Visibility is essential, but MCPX also lets you enforce outbound restrictions using Lunar Flows. For example, you can use an Endpoint Access Control Flow to define a whitelist of allowed destinations.

Lunar.dev's access control flow lets you create flexible policies based on URL, method, or headers. Any request that violates the policy is blocked by the Gateway and logged, with a Lunar.dev generated 403 Forbidden response returned to the MCP.

Here’s a simplified example of how that might look:

 AllowFilter:
    processor: Filter
    parameters:
      - key: urls
        value: 
          - api.slack.com/*
          - *.googleapis.com/*
  GenerateResponseForbidden:
    processor: GenerateResponse
    parameters:
      - key: status
        value: 403
      - key: body
        value: "Forbidden Access"
      - key: Content-Type
        value: text/plain          

‍

In this example, only requests to Slack or Google Maps APIs are allowed. Anything else is blocked automatically and a Lunar.dev generated 403 - Forbidden Access response will be sent.

Stopping a Malicious MCP Server in Action

Let’s walk through a concrete example.

Say I installed a community MCP server for a tool that uses Slack. Unknown to me, it contained a hidden feature that silently steals content from each request and sends it to api.badactor.com/stea_datal.

With Lunar MCPX and the Endpoint Access Flow in place, that malicious request was instantly blocked. The domain wasn’t on the whitelist, so Lunar.dev intercepted it, denied the request, and returned a generated 403 Forbidden Access response. Meanwhile, the Control Plane recorded the attempted call, giving me full visibility into the blocked activity.

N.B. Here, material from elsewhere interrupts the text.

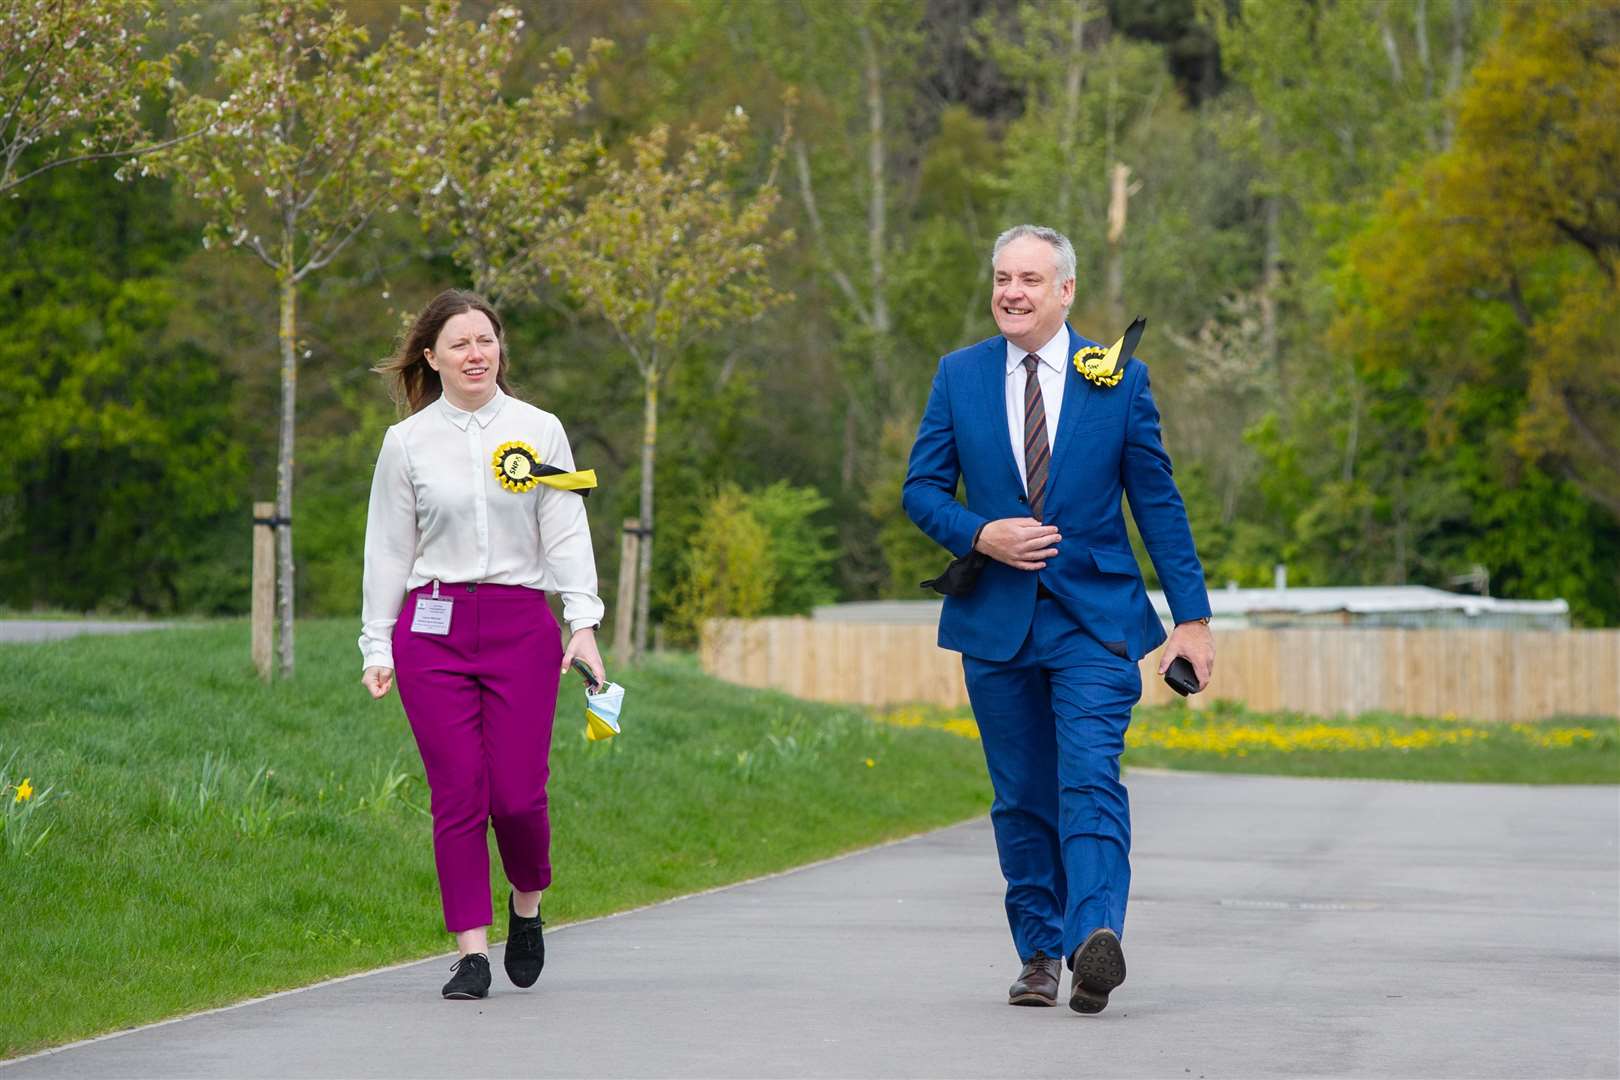 Richard Lochhead, Moray's SNP MSP, arrives at the Regional Count on Saturday morning with his agent Laura Mitchell following a period of precautionary self-isolation...Moray's 2021 Scottish Election...Picture: Daniel Forsyth.

Even without knowing the server was compromised, I was protected. The whitelist acted as a final line of defense, preventing data from ever leaving my system. This same setup could have prevented the Slack MCP vulnerability, by blocking attempts to reach domains outside Slack’s own APIs during preview unfurling.

Conclusion

Running third-party MCP servers doesn’t have to be a leap of faith. With the integration of Lunar MCPX and the Lunar AI Gateway, we’ve evolved from simple traffic monitoring into a full-fledged security and control layer for agent-driven workflows.

MCPX provides a secure and centralized way to integrate community MCPs, while the AI Gateway supplied clear visibility into outgoing API traffic and tool invocations. Combined with Endpoint Access Flows, you can define trusted destinations, block unexpected calls, and maintain full visibility over everything your agents do.

This is what the AI Gateway has grown into, a robust foundation for safely scaling AI-agent architectures in the real world. If you’re interested in the bigger picture, we go into more detail in this post on managing API consumption from AI agents.

For AI developers and security engineers, this is a practical blueprint for embracing the emerging MCP ecosystem without compromising on safety. With simple configurations and centralized controls, Lunar MCPX makes it possible to safely expand your agent’s capabilities while keeping your API keys, data, and systems protected.